> **What is needed**: Please output only the lines running from the one that contains "Minimalistic black folder" through the last line of the data below, exactly as they stand, with no pictures.

> **The data**:

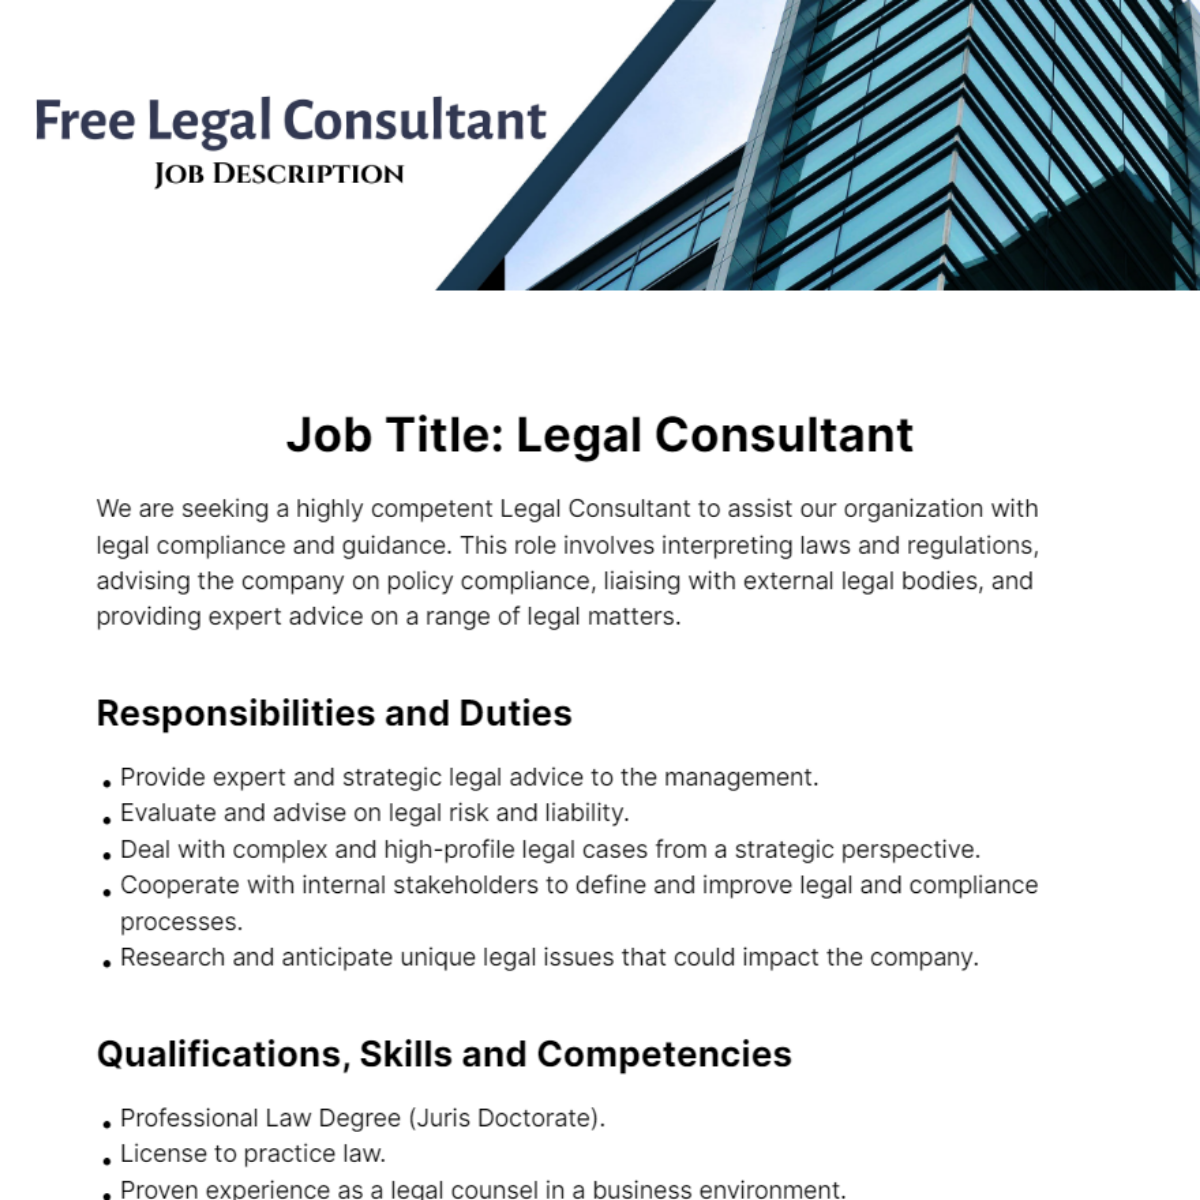 Free Legal Consultant Job Description Template
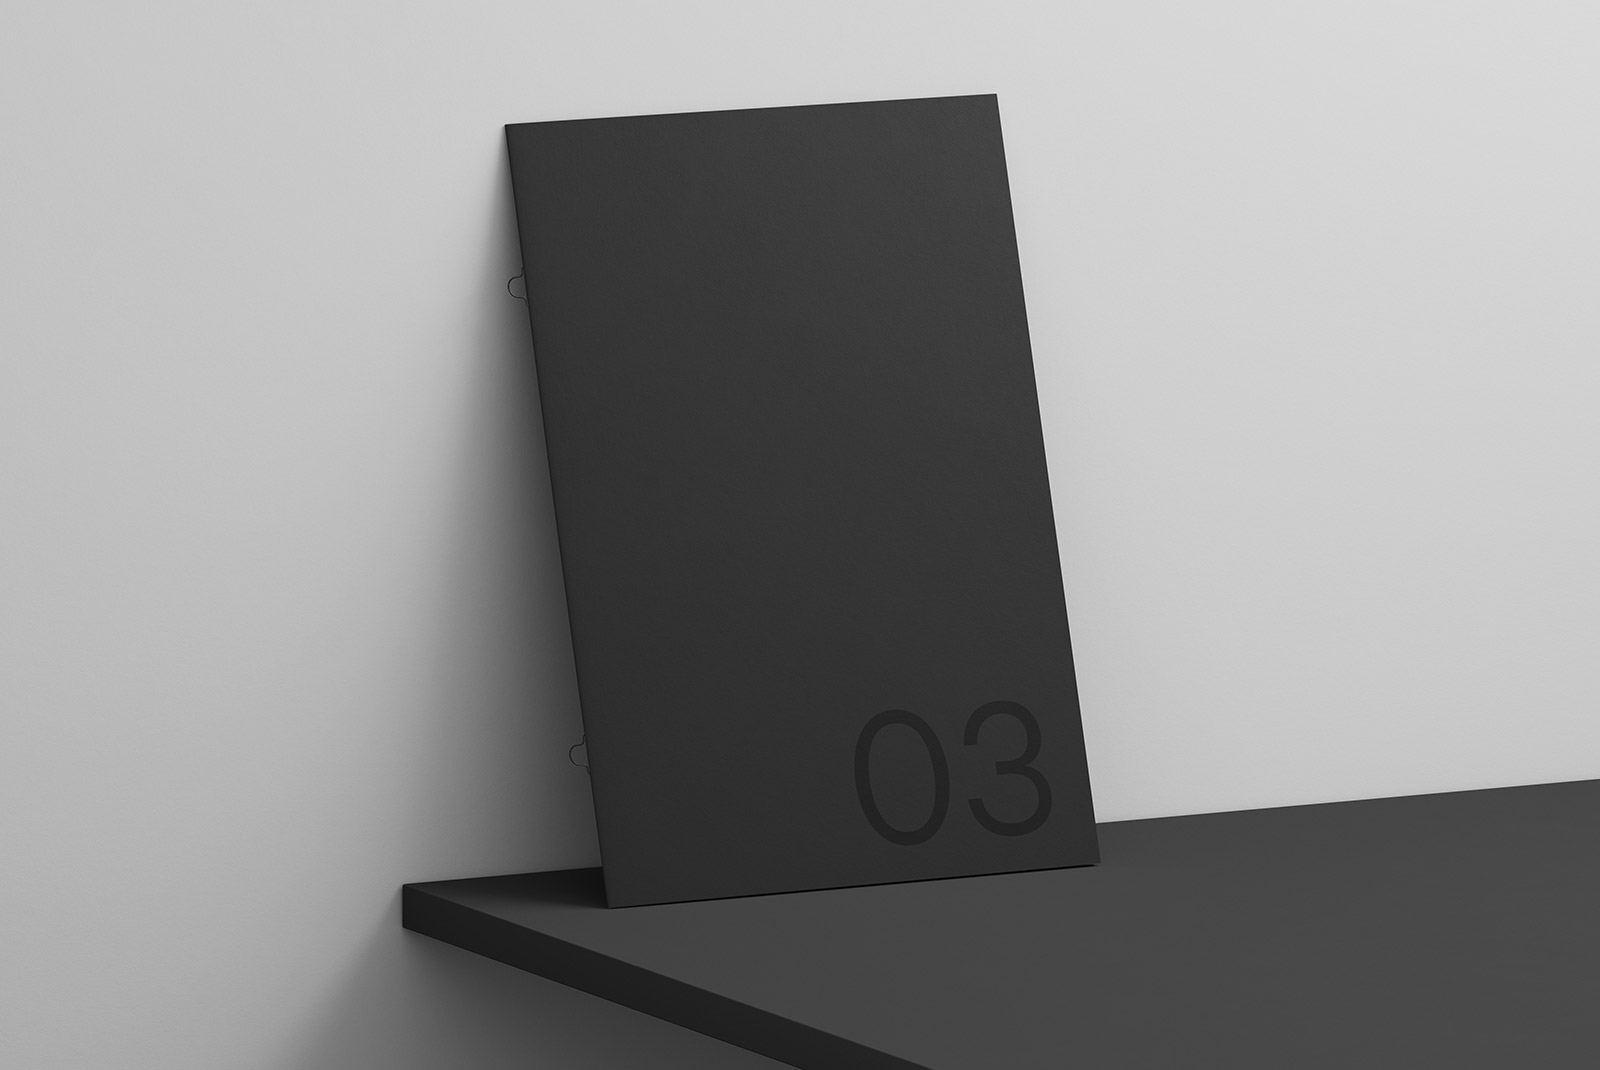 Minimalistic black folder mockup leaning on gray wall, with subtle shadow effect, ideal for sleek presentation designs, branding mockups.
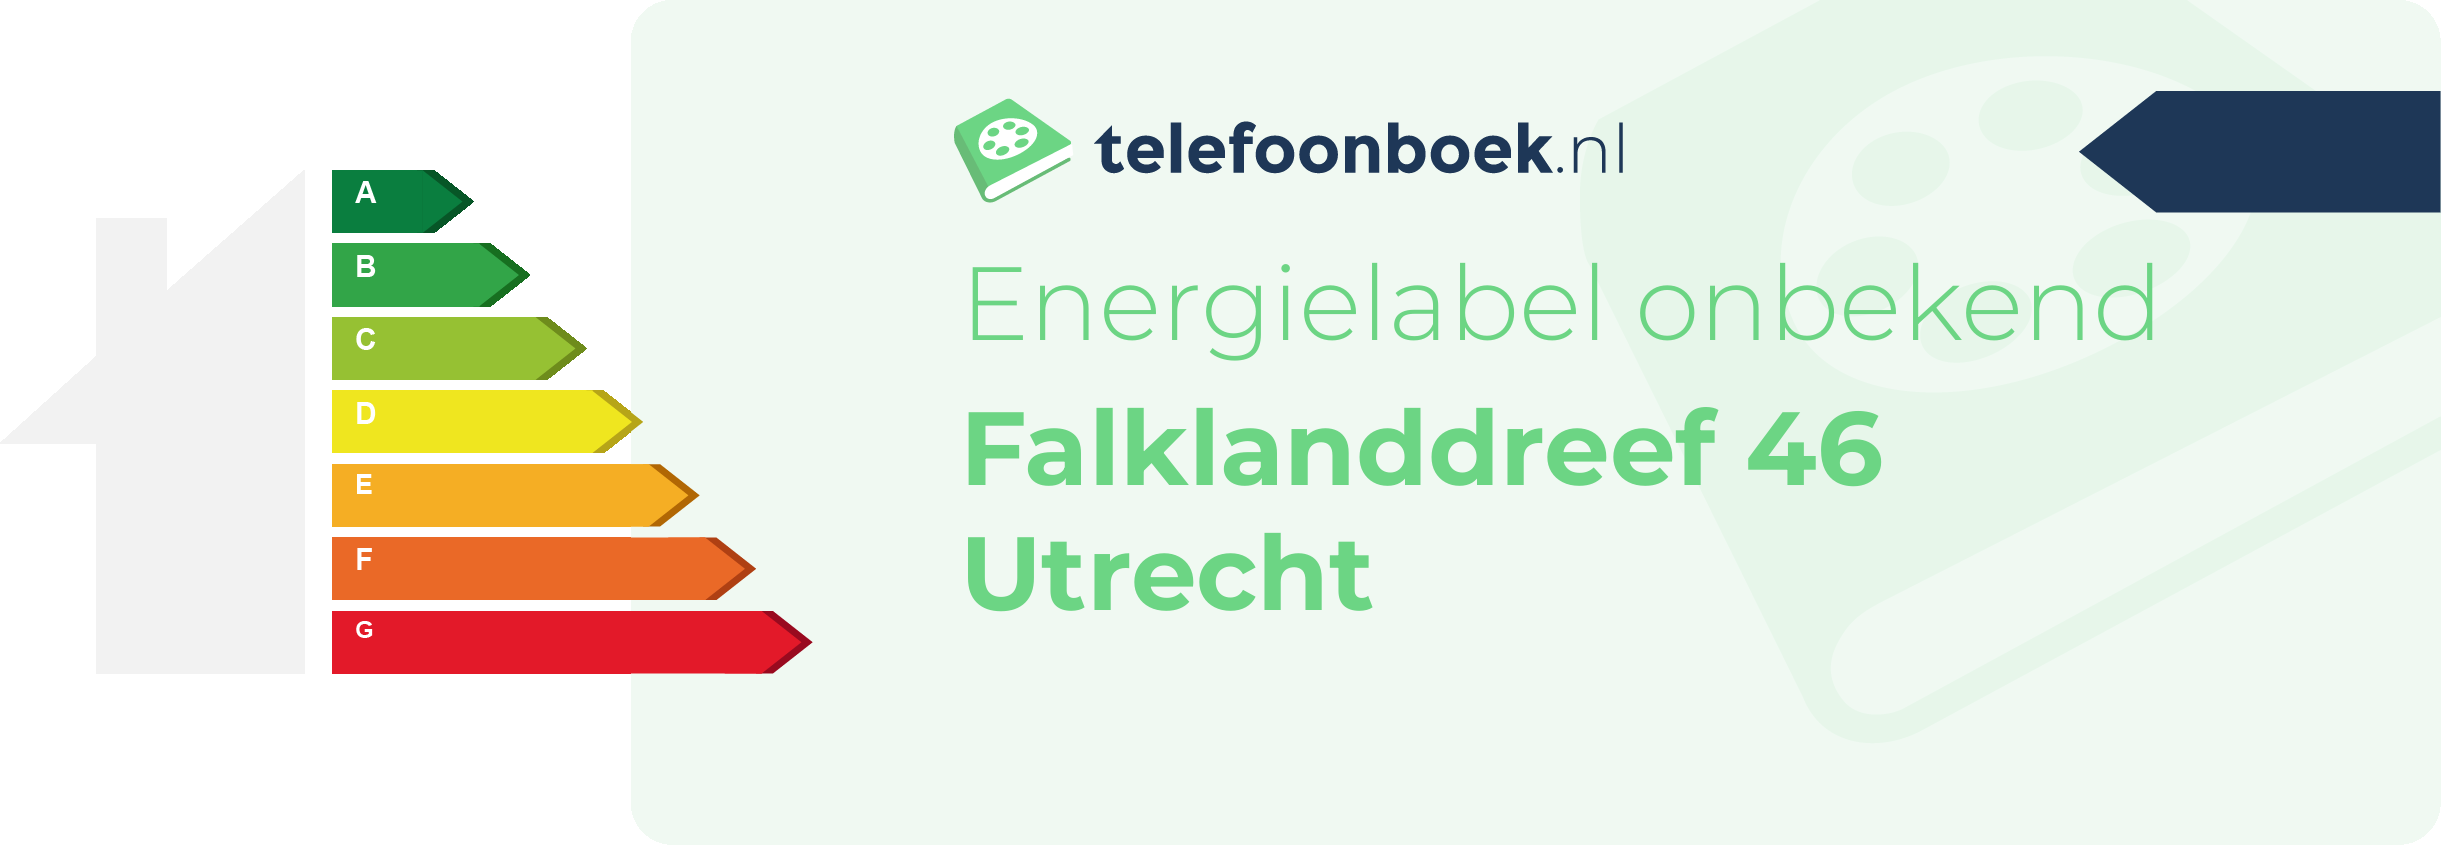 Energielabel Falklanddreef 46 Utrecht

> **Finished task**:
 Minimalistic black folder mockup leaning on gray wall, with subtle shadow effect, ideal for sleek presentation designs, branding mockups.
 Energielabel Falklanddreef 46 Utrecht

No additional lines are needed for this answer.